The Boston Herald
Friday, April 14, 2000
House passes gov's council $$ hike
by Ellen J. Silberman
Despite the Big Dig crisis and cuts in
special education, House lawmakers yesterday quietly rammed through yet another pay raise
bill -- a 60 percent hike for the much-ridiculed Governor's Council.
The part-time council, a vestige of
colonial government, meets for just 30 minutes a week to approve judicial appointments.
The eight-member body has often been criticized as a rubber stamp for the governor.
Despite the body's light work load, House
leadership gaveled through a $10,000-a-year raise yesterday afternoon, bringing the
councilors' pay from $15,600 to $25,000 a year.
"It's indefensible," said one
House Democrat of the latest pay raise to pass through the chamber with no debate.
"We're the only people who are making (Gov.) Paul Cellucci and (Lt.

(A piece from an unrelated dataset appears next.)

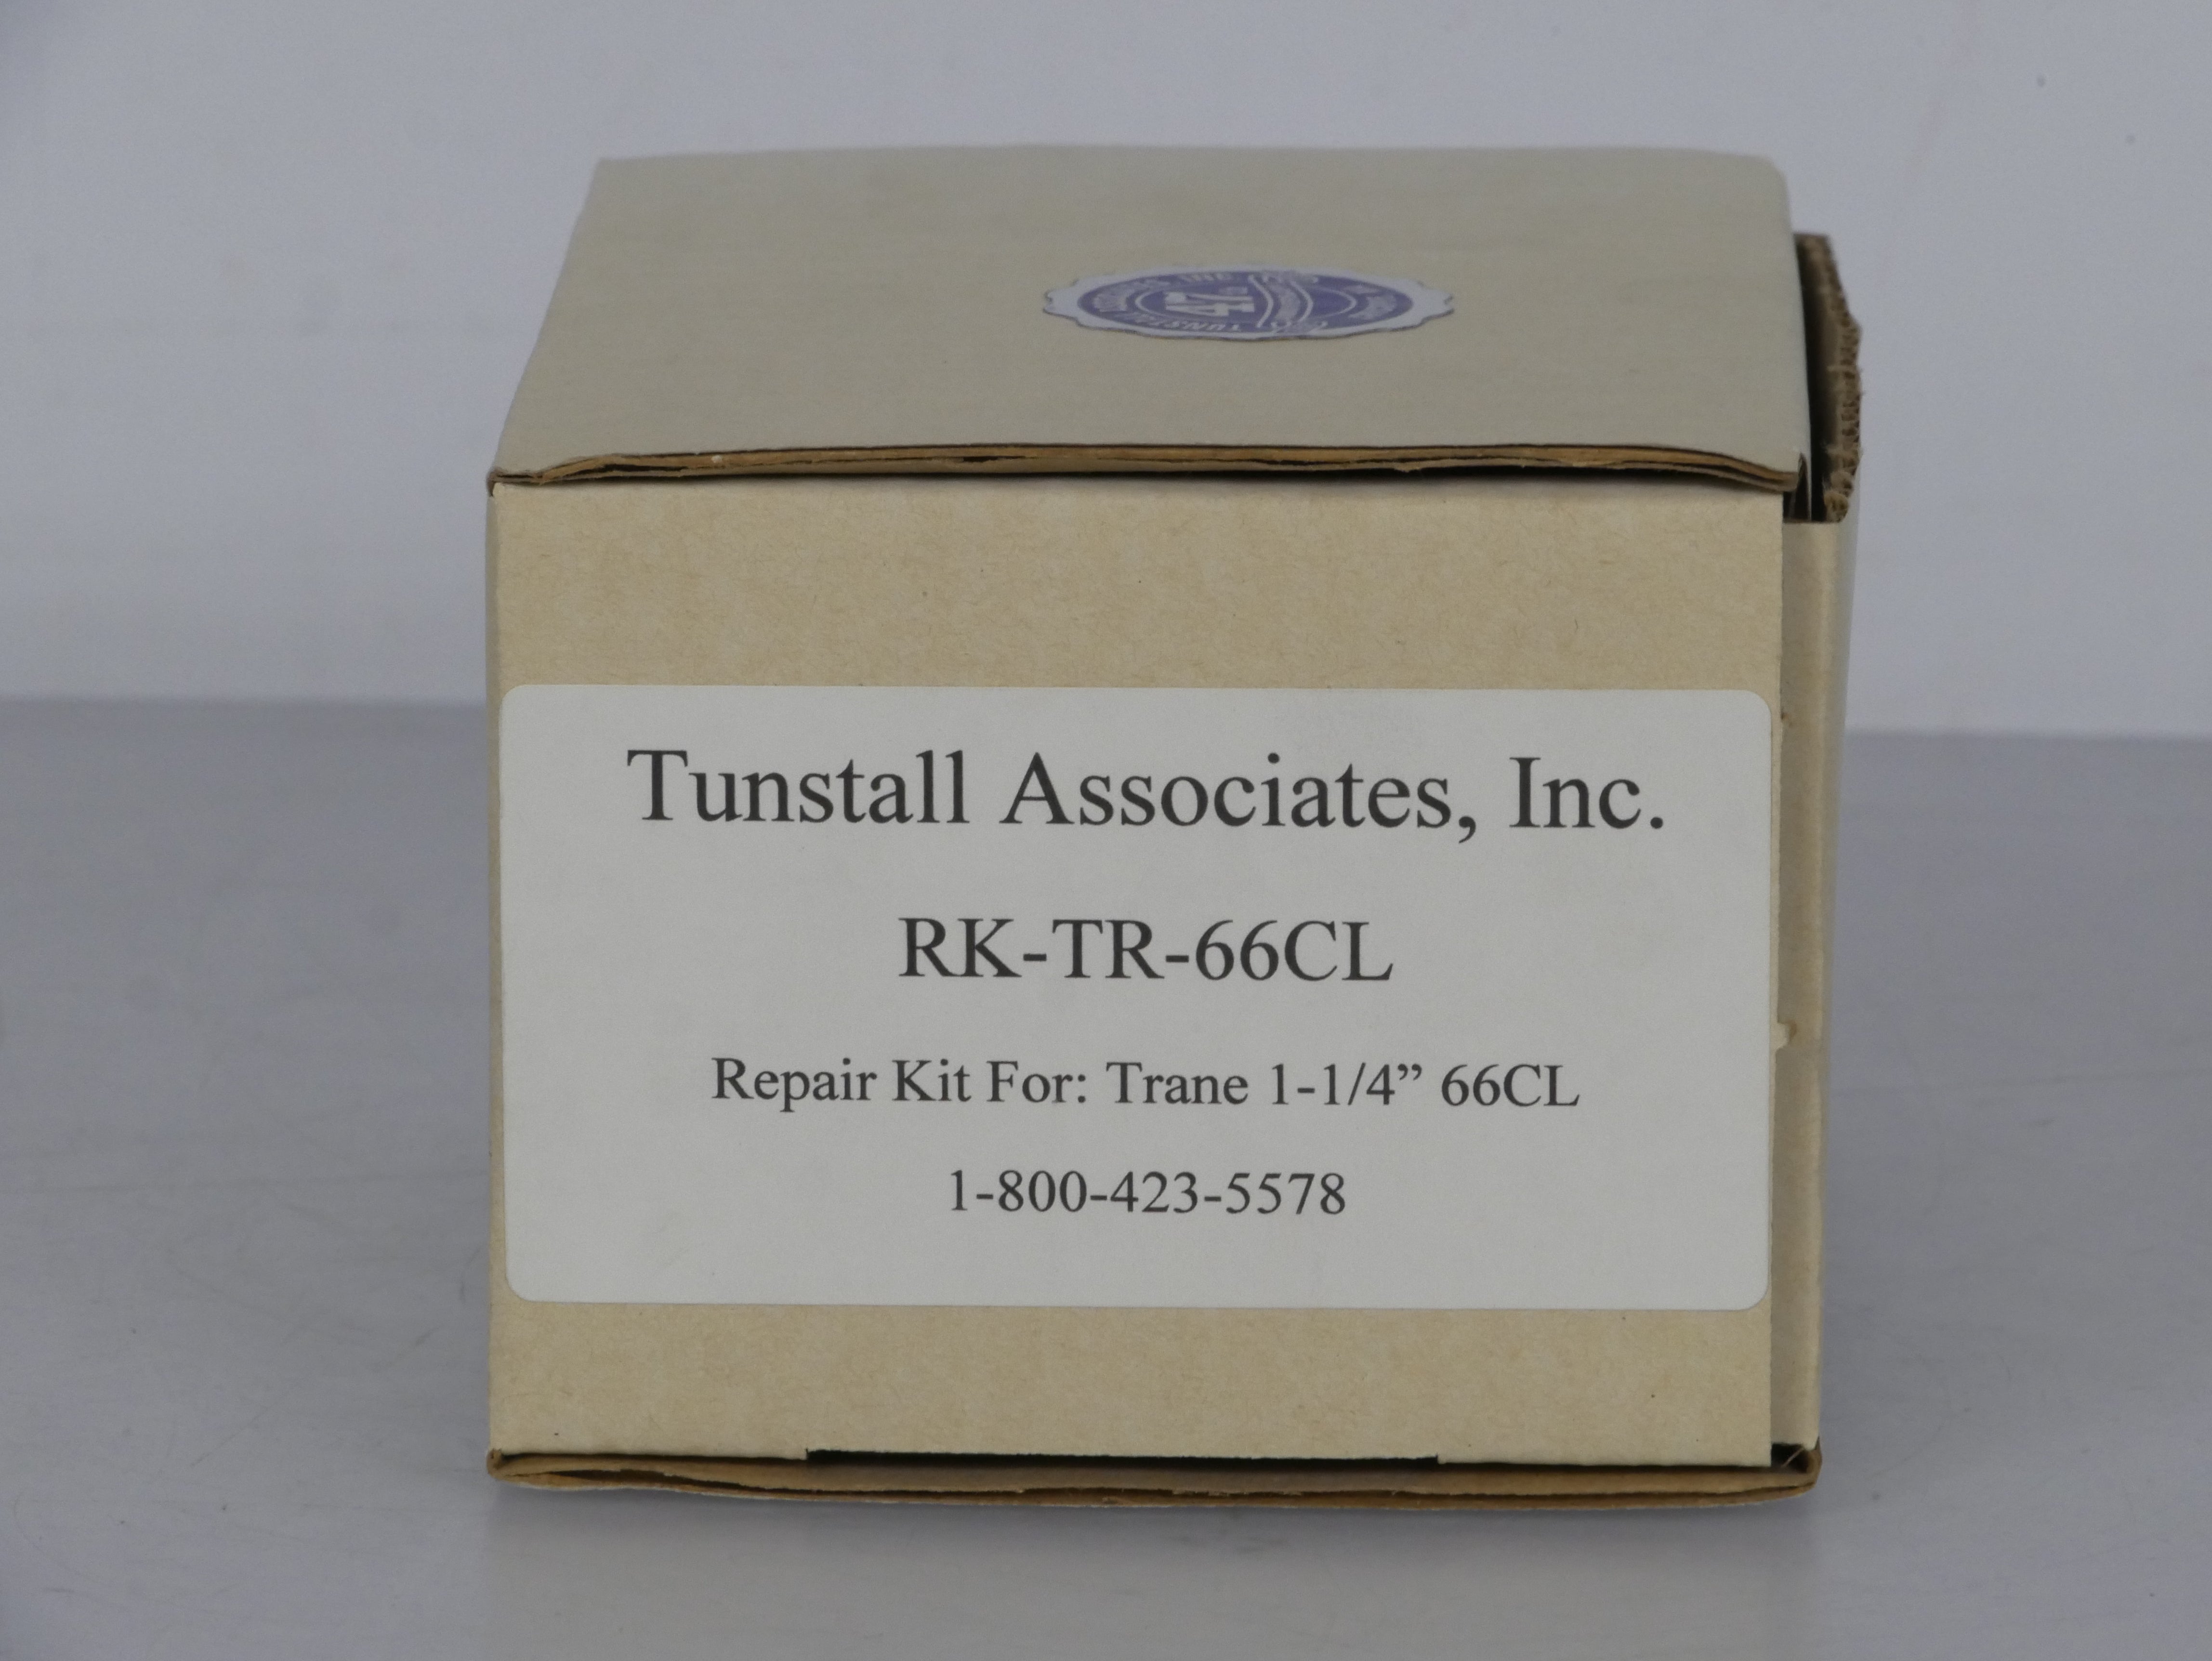 Tunstall Associates Repair Kit Trane 66CL RK-TR-66CL

Gov.) Jane Swift
look good."
The councilors' raises were added to a
House budget that already adds more than $1 million to lawmakers' take home pay by
doubling their office budgets and "per diem" travel expenses.
Cellucci, Swift and the four other
constitutional office holders got $40,000 plus raises in January.
And before the $21.7 billion fiscal 2001
budget leaves the House floor it could include $7,500 in extra cash for two dozen of
Finneran's closest allies.
"It seems like it's the season of
largess on Beacon Hill," said Ken White, executive director of Common Cause of
Massachusetts. "Everybody seems to be getting a pay raise one way or another."
The raise for the Governor's Council came
the same day the Senate approved a $2.4 billion bailout for the troubled Big Dig.
"With what we're facing with
deficits in transportation, with the cuts that they're proposing in special education.
It's untenable," said Nancy Carapezza, president of the Massachusetts League of Women
Voters. "This is what makes the citizens of the commonwealth believe that things are
being done behind their backs."
The House earlier this week approved a
plan to drastically curtail spending on the most disabled special education students.
While outsiders are willing to criticize
the council, lawmakers, many of them lawyers who someday hope to be confirmed by the body,
were reluctant to discuss the pay hike.
"I don't want to ruin my judicial
appointment (but) what do we need them for?" asked one lawyer-lawmaker.
House Speaker Thomas M. Finneran
(D-Mattapan) rejected the idea that the House was on a spending "binge"
declaring that the chamber was showing "great restraint" in rejecting many of
the 1,400 budget amendments.
"We have not overspent our revenues
in this budget," he said.
A budget amendment, which had not been
voted early last night, would pad the paychecks of 24 legislative chairmen, vice chairmen
and ranking minority members. That would give more than half the House members leadership
positions with extra pay.
The proposed amendment upping legislative
chairmen's pay also gives Finneran the power to create new positions with extra pay.
"It's a way to increase
loyalty," said White. "There'll be as many players as there will be coaches if
this goes through."
But Finneran said: "It's a very
modest stipend or salary to do what I think most people accept is an important job."
Several of the eight Governor's Council
members, who are elected every two years, also have high-profile full-time jobs.
Christopher Iannella Jr., (D-Boston), son
of the late former Boston City Councilor Christopher Iannella Sr., is a personal injury
lawyer who runs prominent practice in Boston. Iannella often appears in front of the
judges he confirms.
Iannella's brother, Richard, is the
Suffolk County Register of Probate.
Another councilor, Edward O'Brien
(D-Easthampton), is the father of State Treasurer Shannon O'Brien. The elder O'Brien is
also a lawyer.
Councilor Patricia Dowling also
moonlights as the mayor of Lawrence.
Another councilor, Kelly Timility, is the
daughter of former Boston mayoral candidate Joseph Timilty.
Noting that judges serve for life,
Finneran said the fact that the council approves most of the governor's nominees shows
just how effective the body is.
But others called the raise and the
council unwarranted.
"The governor's council ... has
outlived its usefulness," Carapezza said.
If the House raise goes through, it will
be the second time the Governor's Council members have gotten a pay boost in the past four
years.
In 1996, lawmakers increased their pay
from $10,400 to the current level of $15,600. Councilors also get coveted Beacon Hill
parking spaces and generous state health insurance benefits.
The latest raises still require Senate
approval and sign off by the governor before taking effect.